流行りのJ-POPで、最近よく耳にする曲だが……。
音の発生源に到着すると、二十基ほど集まったお墓があり、そこで改造したバイクが数台横倒しになっていて、あちこちに不良と思しき少年たちが、倒れている。
近づいて応急処置が必要かを一人ひとり確認する。
死んではいない。気を失っているだけ。
誰にやられたのかは一目瞭然。
──蓮沼勇人。
気絶して白目を剥いている不良の頭を鷲掴みにしたまま、お墓の先にある御嶽の前でボーっと突っ立っている。
蓮沼勇人はけっして体格に恵まれている訳でもなにか格闘技をかじっていた。なんてこともない「いたって」普通の高校生。

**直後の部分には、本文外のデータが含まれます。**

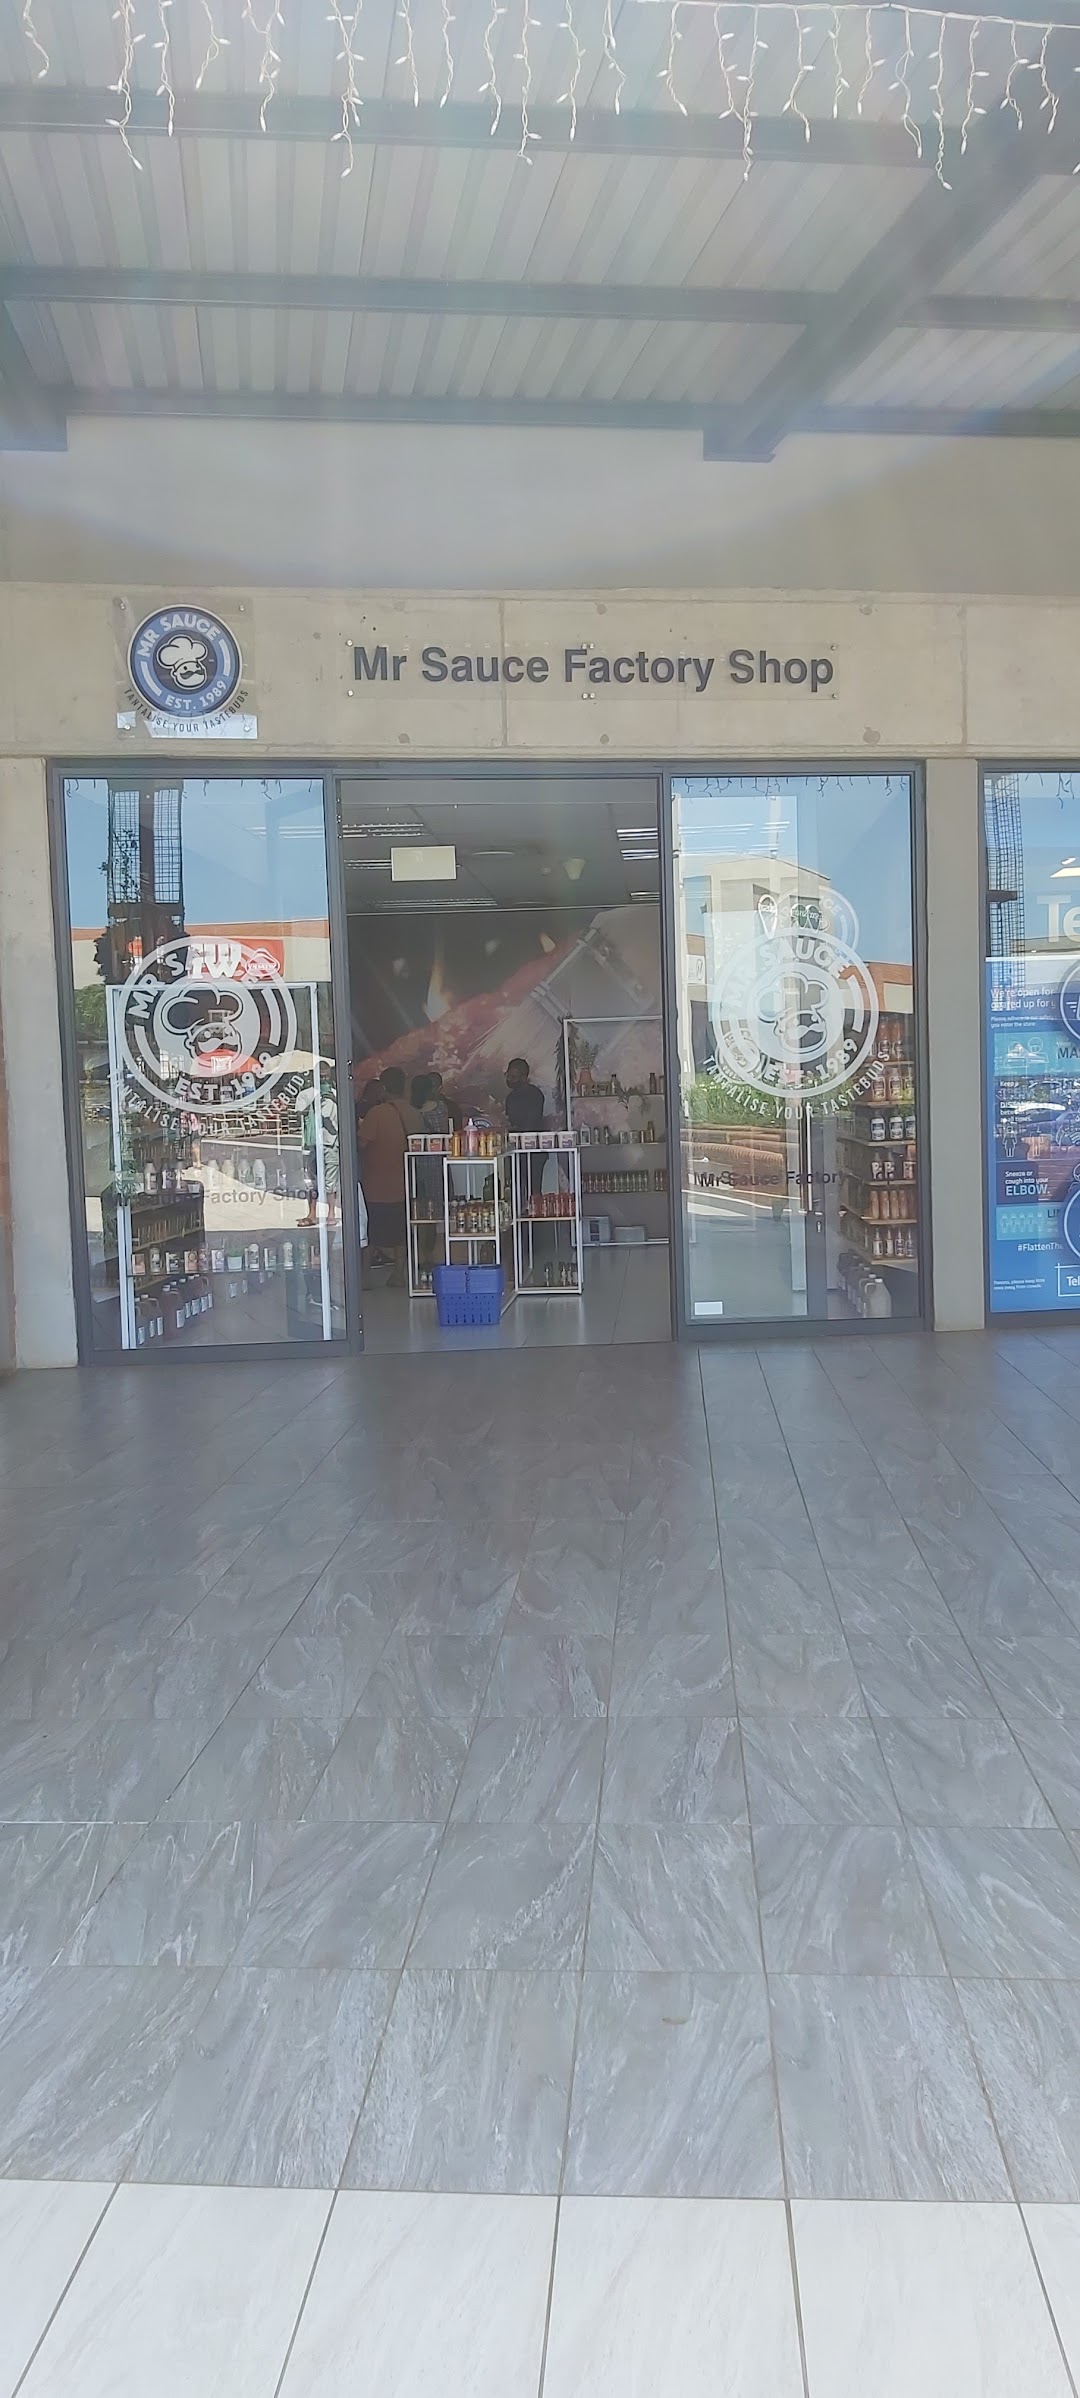 Mr Sauce Factory Shop

なのに不良五人をひとりでのしてしまうなんてちょっと想像ができない。
「気をつけるように、相手は憑かれ人だ」
憑かれ人。
悪霊などにカラダを乗っ取られたひとを指すが、自分が舜歌から習ったのはせいぜい家の中を徘徊するぐらいで、外に出て人を襲ったりなどけっしてしない。
「いつの間にか、移動している」
月城一夜の持つ一角獣の粉が別の方向を指している。
「ちょっと待った。自分とこの生徒をほったらかしにするつもりかよ?」
「あー、そうでしたね。『彼も』いることを忘れていました」
縄跳び。やはりプロだな。
職質で、呼び止められた時、ロープだと勘繰られるが、道具が縄跳びで職業が教師ならうまく言い逃れができる。
月城一夜は、めんどくさそうにピンホールシャツのカラーピンに親指を押し当てると、粒のような血が親指から浮き上がり、反対の手に持っていた布製の縄跳びに親指を沿わせ、血を塗りたくると、縄が自我を持ち、蛇のように這いながら蓮沼に迫る。
「あ゛、がぁ」
おいおい、ウソだろ。
蓮沼が二重巻のうえ、固結びで縛られた縄飛びの縄を引き千切ろうとしている。
「はやくしろ。あまり保たんぞ?」
しっかり瑛守のことまで、術師として数に入れている。
エコタイプの祓塩を溶かした水風船を二個投げると顔と胸に命中して当たったところから黒い湯気のようなものが出て苦しそうにしている。
「あ"あ"あ"あ"あ"あ"あ"あ"あ"あ"」
こっわ。
両腕が縛られたまま、もの凄い形相でこっちに向かって突撃してくる。
プスッ
「おっと危ない」
饒平名晴人が長い針のようなものを首のところに刺すと、電池が切れたオモチャのように、動きが止まったので、倒れてくる蓮沼をキャッチした。